The functions described above in the present disclosure may be performed at least in part by one or more hardware logic components. For example, without limitation, exemplary types of hardware logic components that may be used include: field programmable gate array (FPGA), application specific integrated circuit (ASIC), application specific standard product (ASSP), system on chip (SOC), complex programmable logic device (CPLD) and the like.

In the present disclosure, a machine-readable medium may be a tangible medium including or storing a program that is used or in combination with an instruction execution system, apparatus or device. The machine-readable medium may be a machine-readable signal medium or a machine-readable storage medium. The machine-readable medium may include, but is not limited to, a system, an apparatus or a device in an electronic, magnetic, optical, electromagnetic, infrared, or semi-conductive form, or any combination thereof. Concrete examples of the machine-readable storage medium may include, an electrical connection with one or more wires, a portable computer disk, a hard disk, a random-access memory (RAM), a read-only memory (ROM), an erasable programmable read-only memory (EPROM or flash memory), an optical fiber, a portable compact disc read-only memory (CD-ROM), an optical storage device, a magnetic storage device or any suitable combination thereof.

According to one or more embodiments of the present disclosure, a method for processing meeting minutes is provided. The method includes:

- acquiring a meeting text of a meeting audio-video;
- inputting the meeting text into a to-do recognition model to determine initial to-do statements;
- inputting the initial to-do statements into a tense determination model to determine a tense result of each of the initial to-do statements; and
- determining a meeting to-do statement from the initial to-do statements based on the tense results.

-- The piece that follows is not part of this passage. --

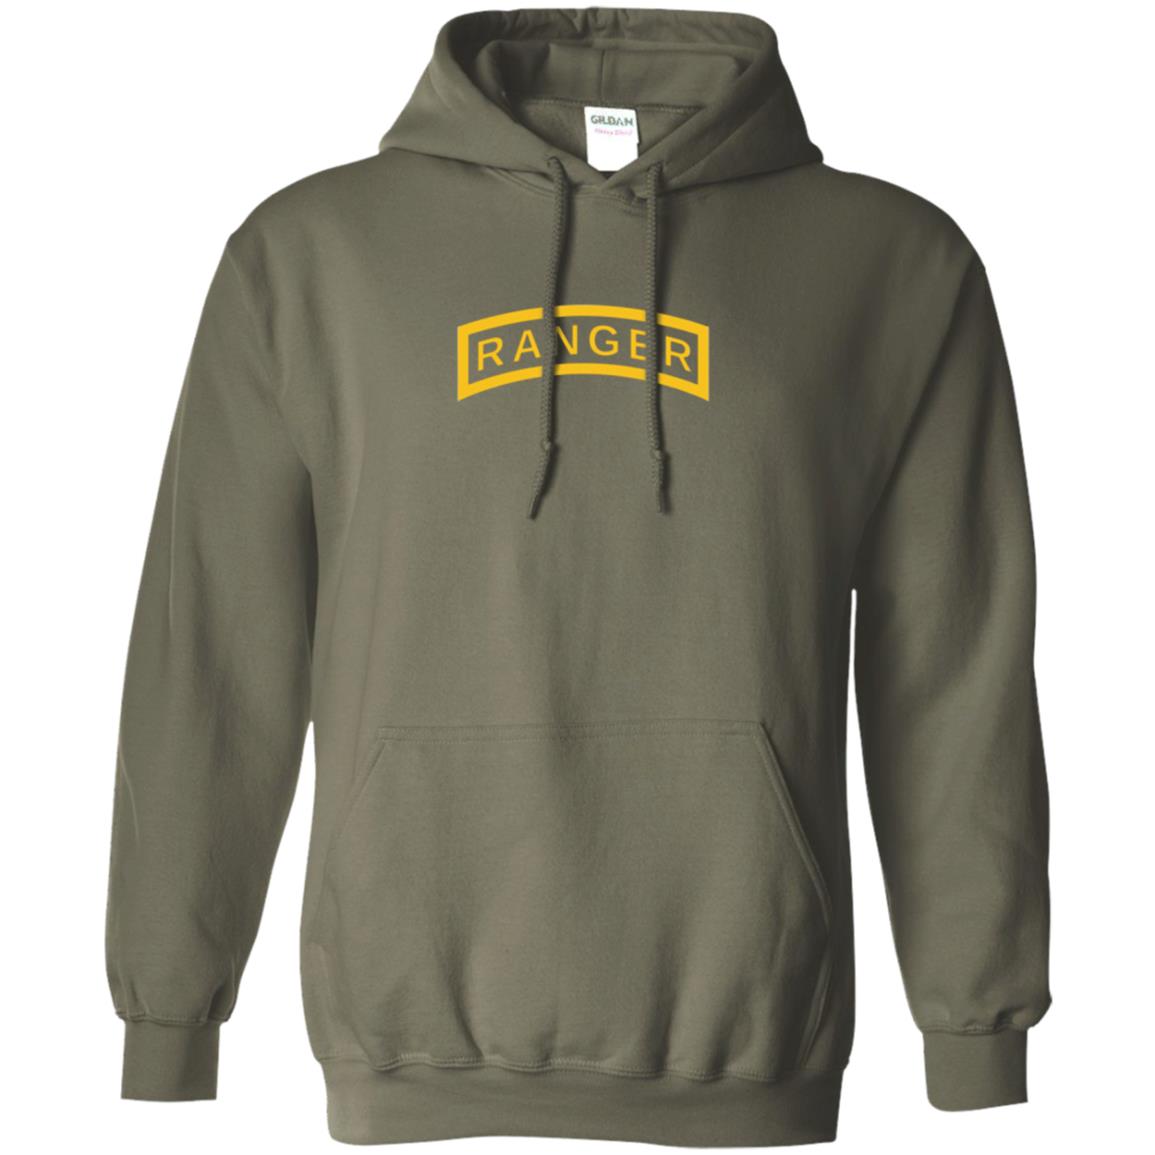 Army Ranger Sweatshirt - 10% Off - FavorMerch

According to one or more embodiments of the present disclosure, in the method for processing meeting minutes according to the present disclosure, the inputting the meeting text into a to-do recognition model to determine initial to-do statements includes:

- converting text statements in the meeting text into sentence vectors, and inputting the sentence vectors into the to-do recognition model to determine the initial to-do statements, where the to-do recognition model is a one-class classification model.

According to one or more embodiments of the present disclosure, in the method for processing meeting minutes according to the present disclosure, the to-do recognition model is generated by:

- training an initial one-class classification model based on positive samples of the to-do statements to acquire the to-do recognition model.

According to one or more embodiments of the present disclosure, in the method for processing meeting minutes according to the present disclosure, the determining a meeting to-do statement from the initial to-do statements based on the tense results includes:

- determining the initial to-do statement of which the tense result is a future tense as the meeting to-do statement.

According to one or more embodiments of the present disclosure, in the method for processing meeting minutes according to the present disclosure, after the acquiring a meeting text of a meeting audio-video, the method further includes:

- performing sentence division on the meeting text to acquire multiple text statements; and
- pre-processing the text statements based on a predetermined rule to filter the text statements.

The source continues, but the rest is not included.